Looking to other countries

Hoffman said when Manitoba decides it's time to reopen schools, the province should look to other countries where classes have now resumed — like Denmark, which has reduced its class sizes and moved desks further apart to make physical distancing easier.

Winnipeg-based health policy expert Cynthia Carr said Manitoba should also look at data from countries that have taken different approaches to slowing the spread of COVID-19. In Sweden, for example, people are encouraged to practise physical distancing, but schools have stayed open.

People sit in the sun in Malmo, Sweden, on April 5, as the spread of COVID-19 continues. (Johan Nilsson/TT News/Reuters)

"Can we learn from them? Did they have outbreaks in different segments of society?" said Carr, an epidemiologist with EPI Research. "Do they have a large number of young people [with COVID-19], for example?"

She said it's important that the province is transparent about what data is being used to make these decisions, and shares with the public how health officials are deciding the risks of reopening certain places.

But Hoffman said even careful reopening plans come with risks.
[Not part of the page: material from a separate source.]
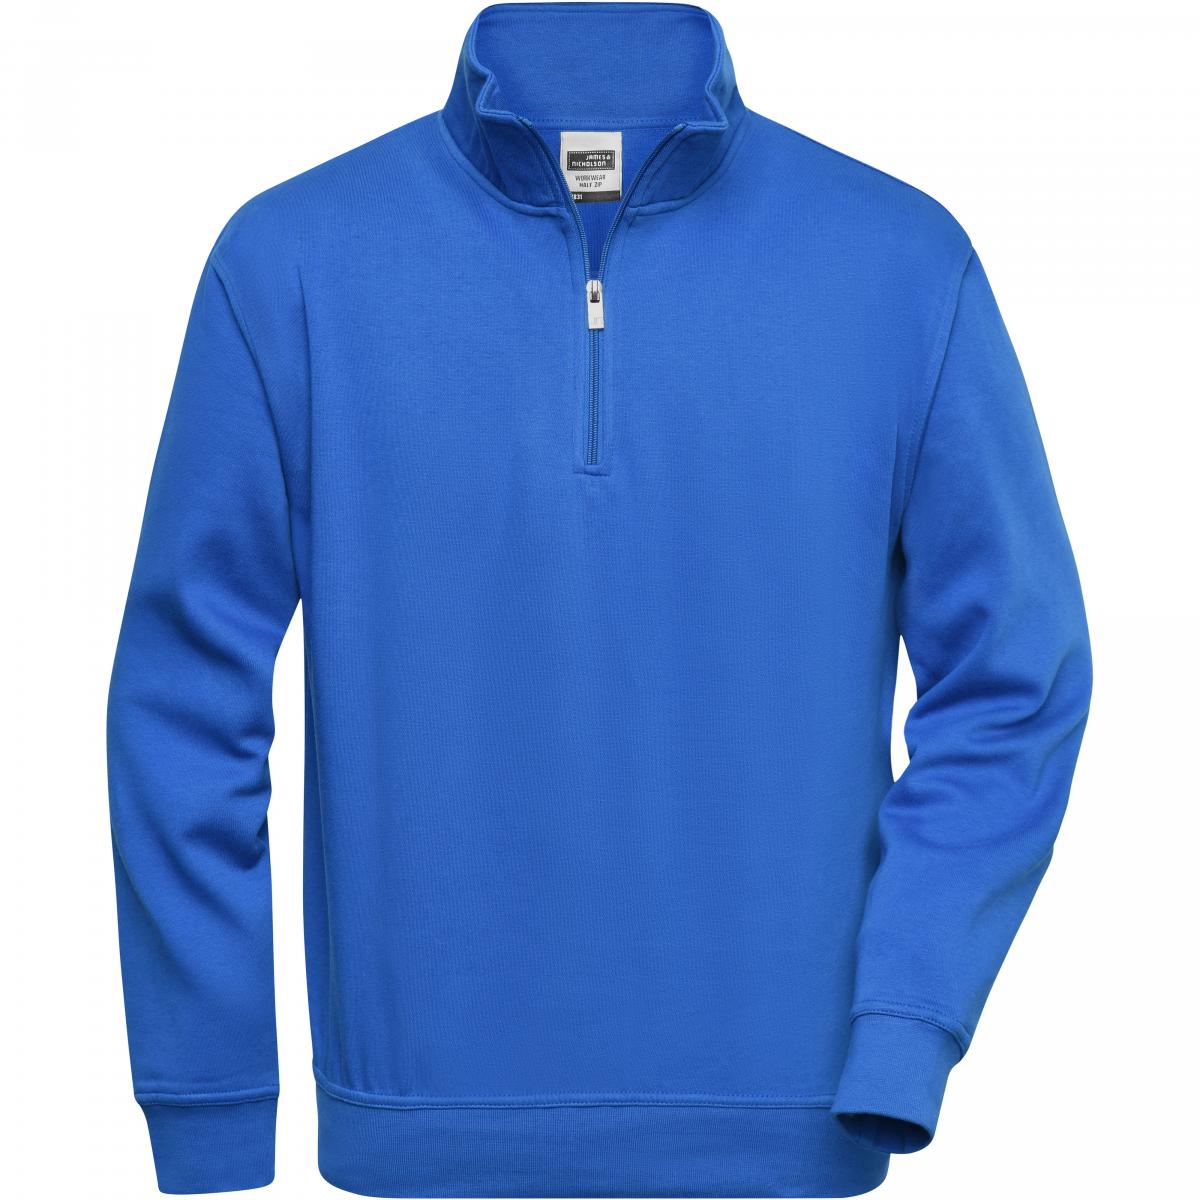 Hersteller: James+Nicholson Herstellernummer: JN831 Artikelbezeichnung: Workwear Half Zip Sweatshirt +Waschbar bis 60 °C Farbe: Royal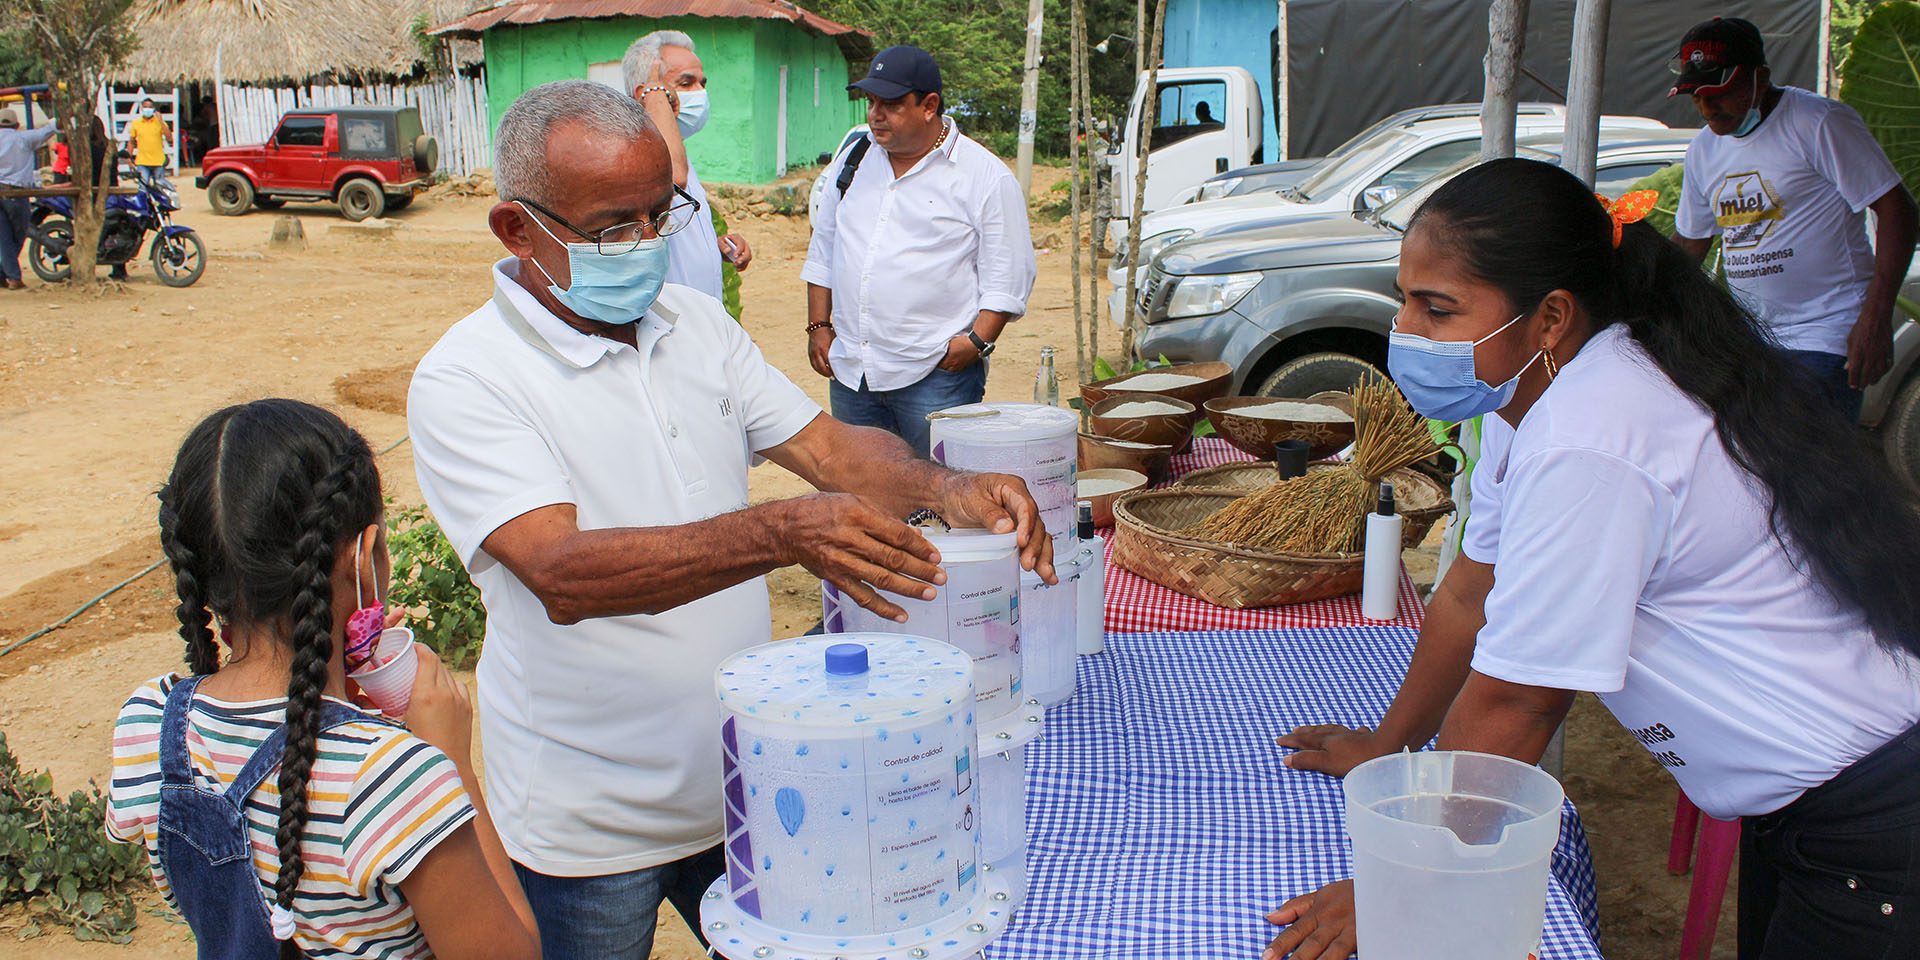 In Kolumbien und Ecuador wurden bereits zwei Pilotprojekte durchgeführt: Eine Wasserunternehmerin erklärt Interessierten, wie der Wasserfilter von Openversum funktioniert.

And at this point, he's not sure opening Manitoba's schools before summer would be worth it.

"Long story short is that there are options to do it, but they're not easy ones," he said, adding schools could, for instance, focus resources on only bringing back Grade 12 students to finish the year.

"With the end of the school year increasingly approaching, it becomes less and less likely that it makes sense to implement those kinds of intensive processes in order to enable the physical reopening of schools."